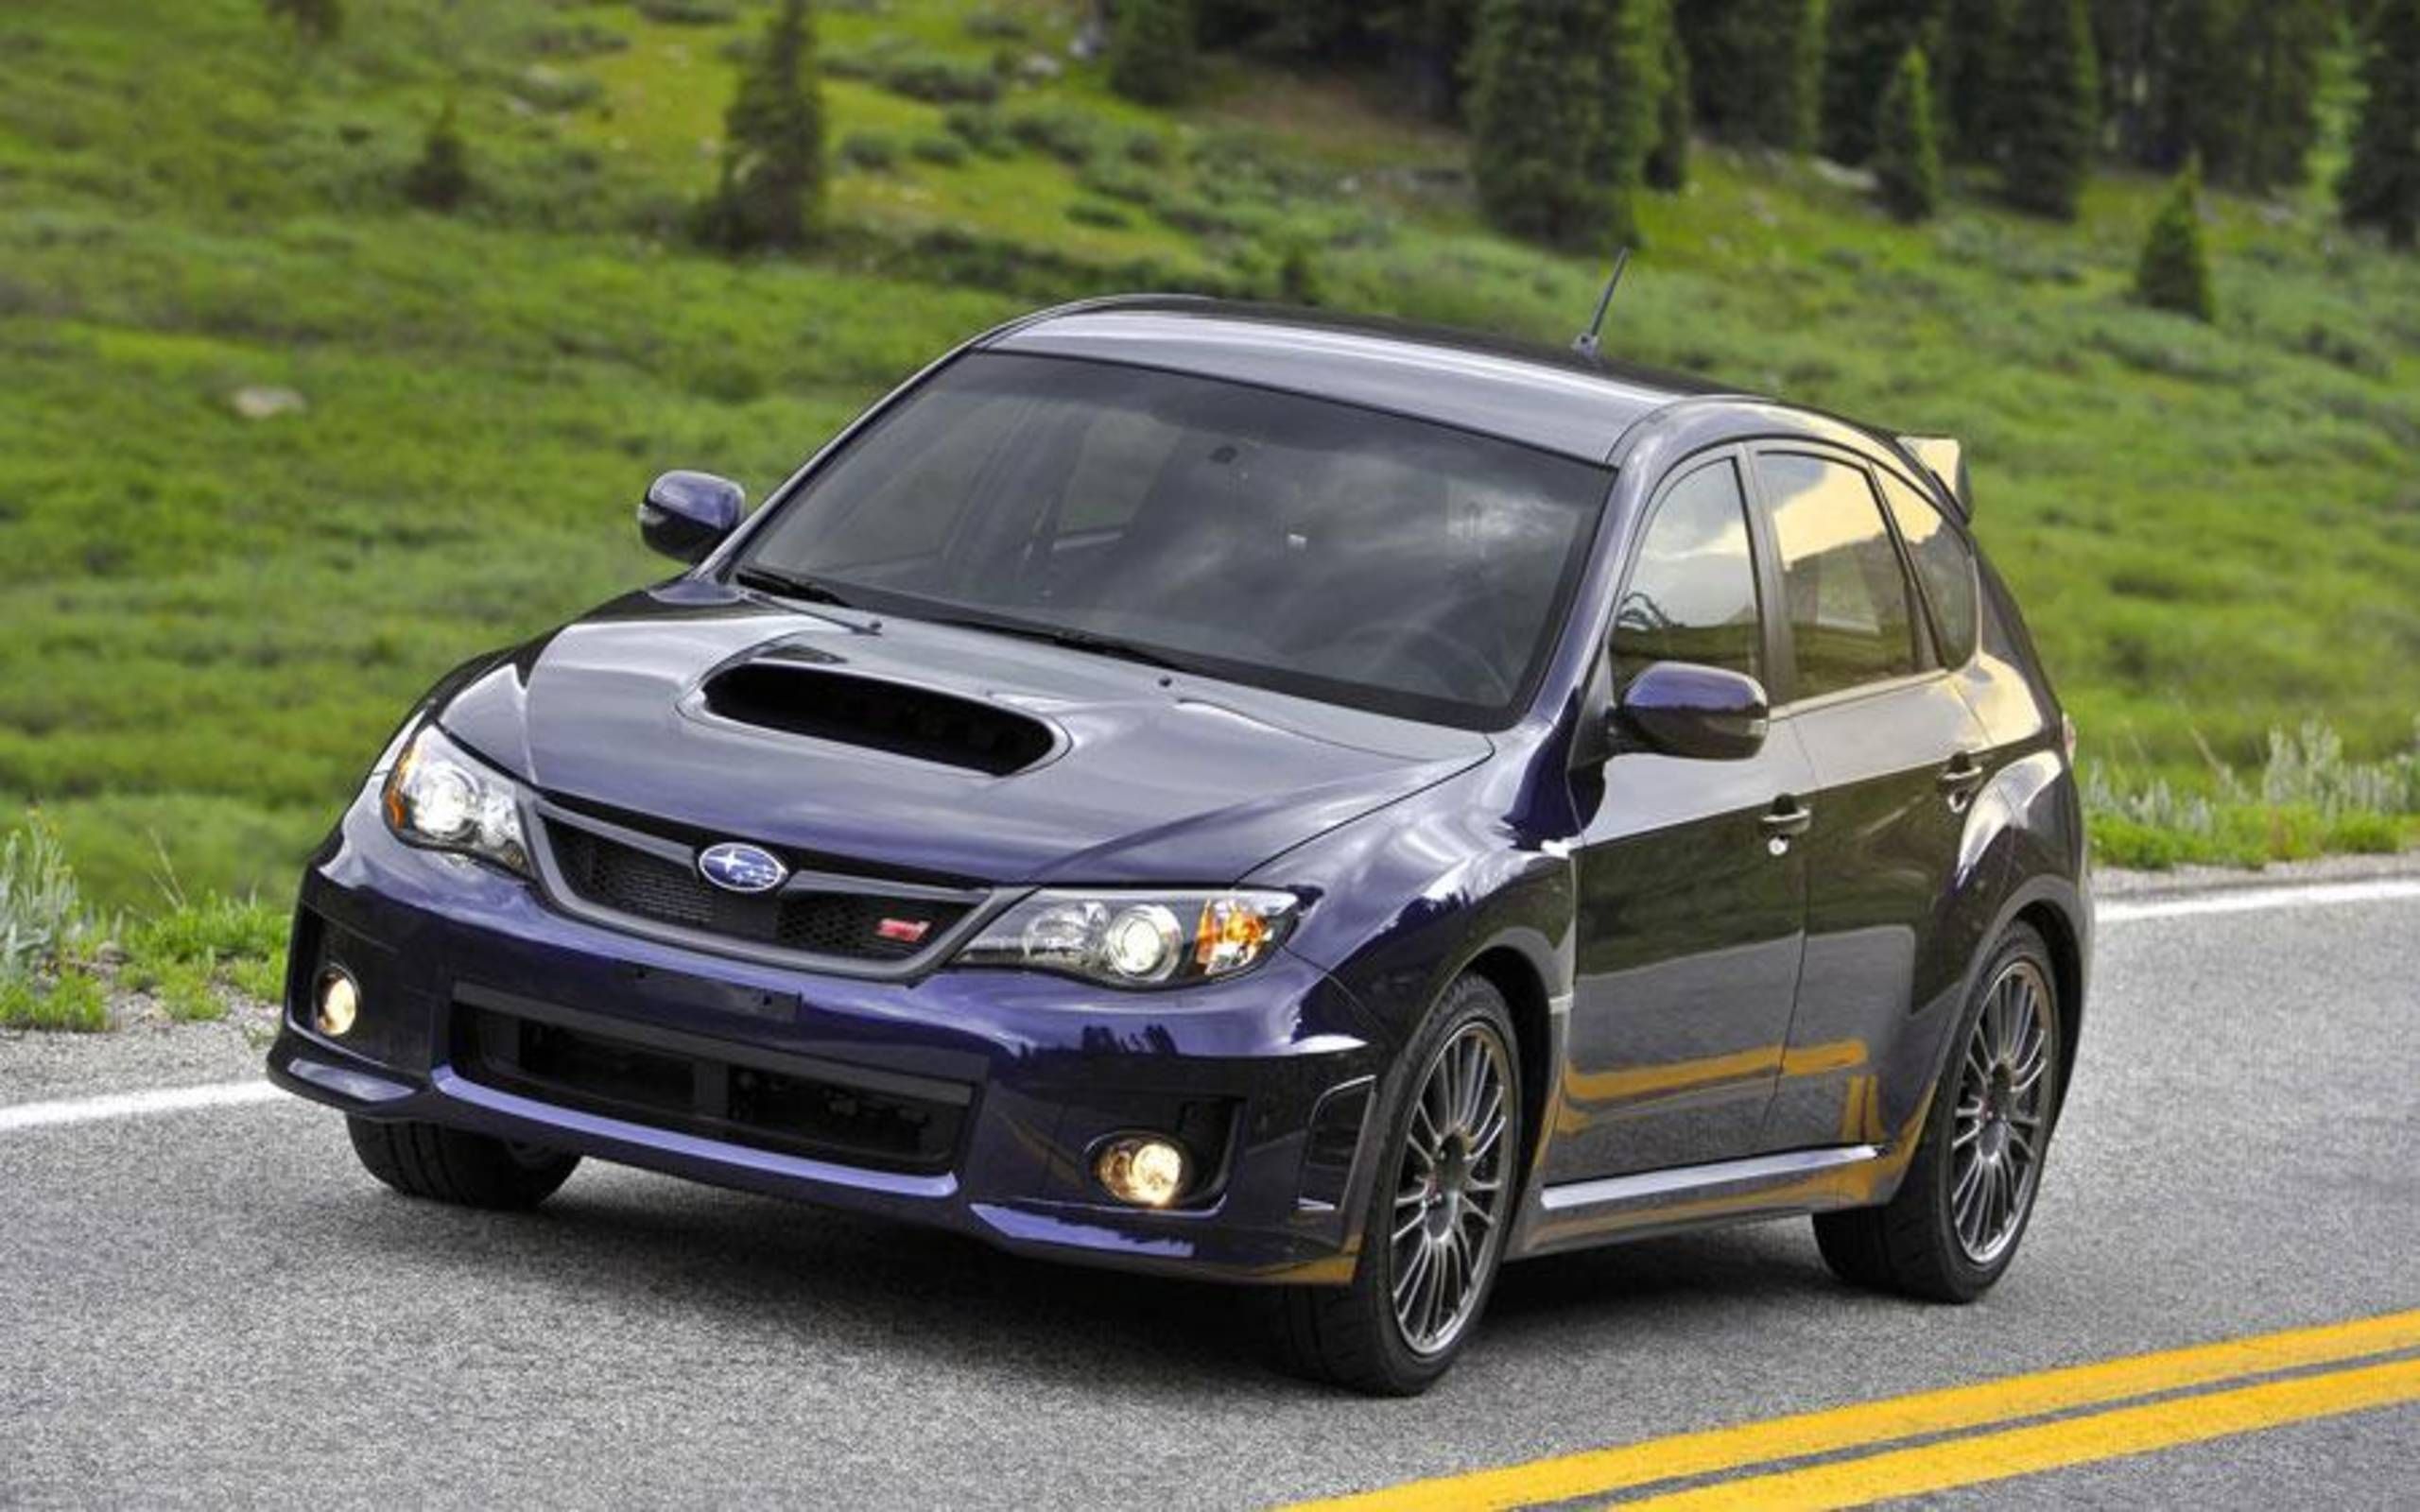 2012 Subaru Impreza Wrx Sti 5 Door Review Notes Still The All Wheel Drive Thriller We Love
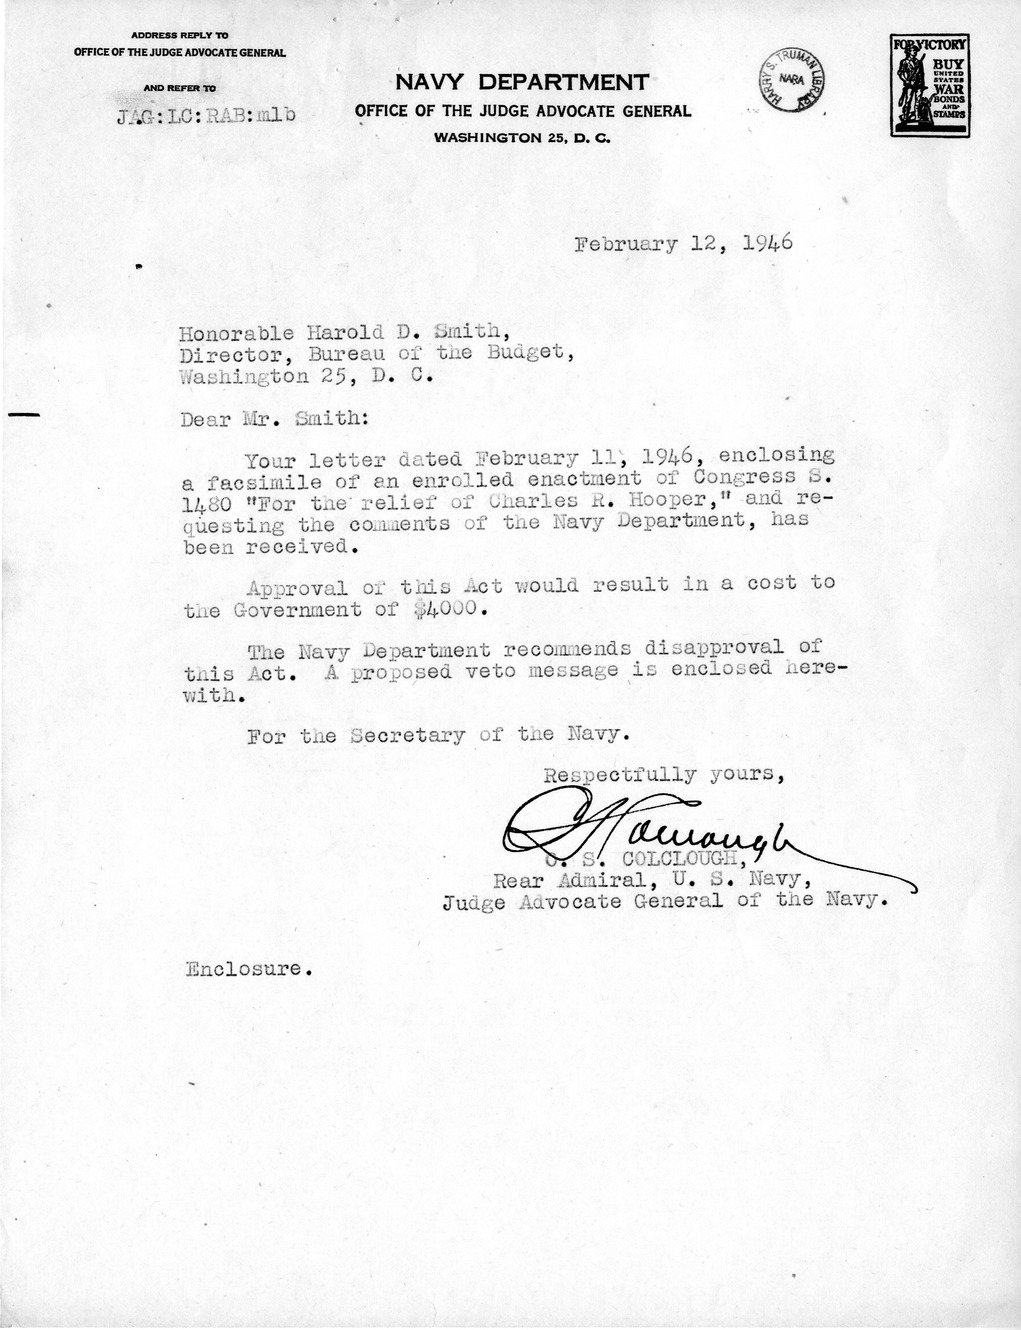 Memorandum from O. S. Colclough to Harold D. Smith
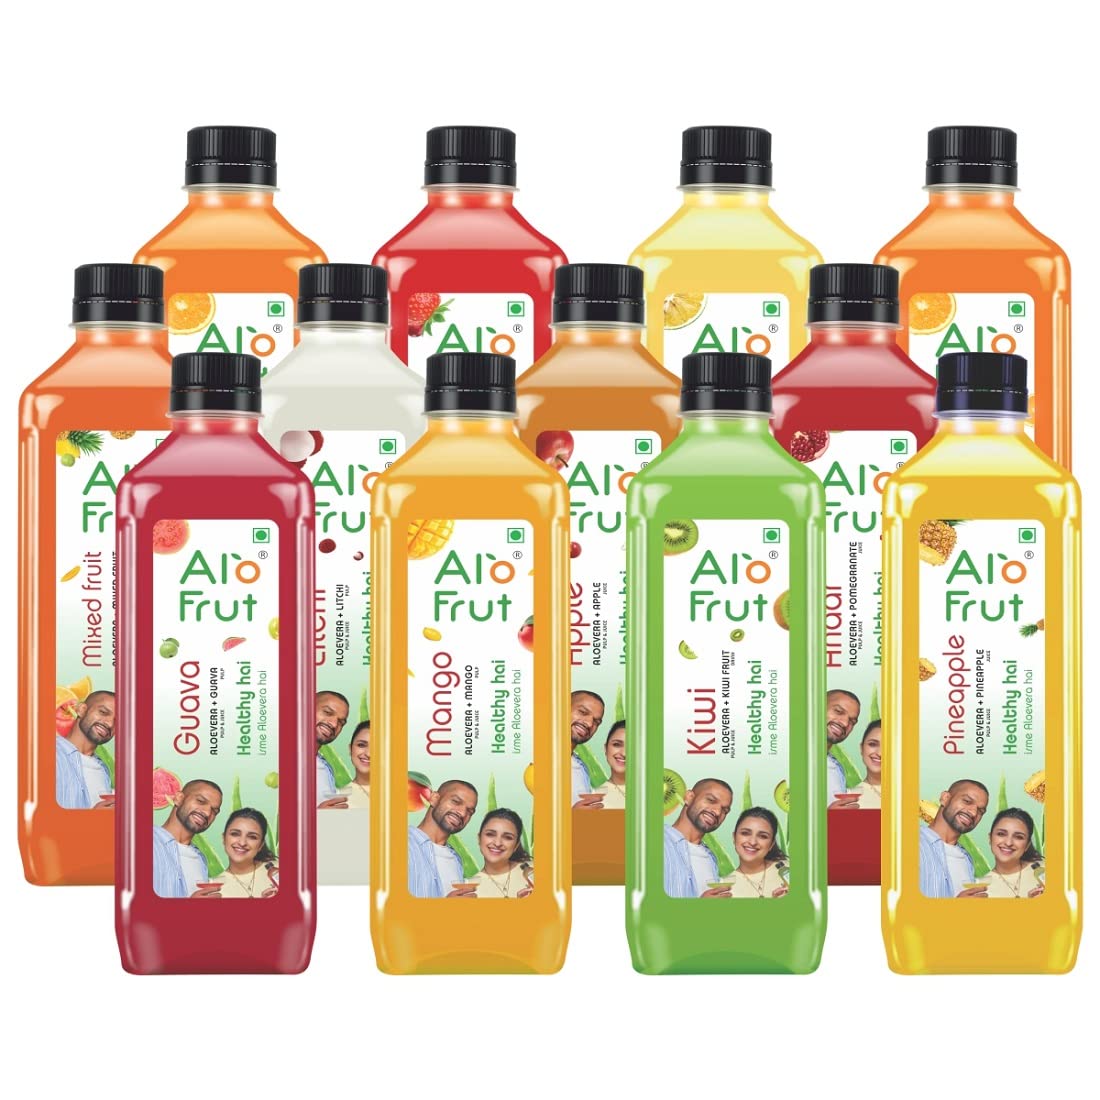 Alo Frut Juice 300 ml - Pack of 16| Fruit Juice and Aloevera Pulp | 4 ea of Litchi, Orange, Apple, Guava

The task: Please retype the data exactly as it appears, but without any of its pictures.

Result:
 2012 Subaru Impreza Wrx Sti 5 Door Review Notes Still The All Wheel Drive Thriller We Love
 Memorandum from O. S. Colclough to Harold D. Smith
 Alo Frut Juice 300 ml - Pack of 16| Fruit Juice and Aloevera Pulp | 4 ea of Litchi, Orange, Apple, Guava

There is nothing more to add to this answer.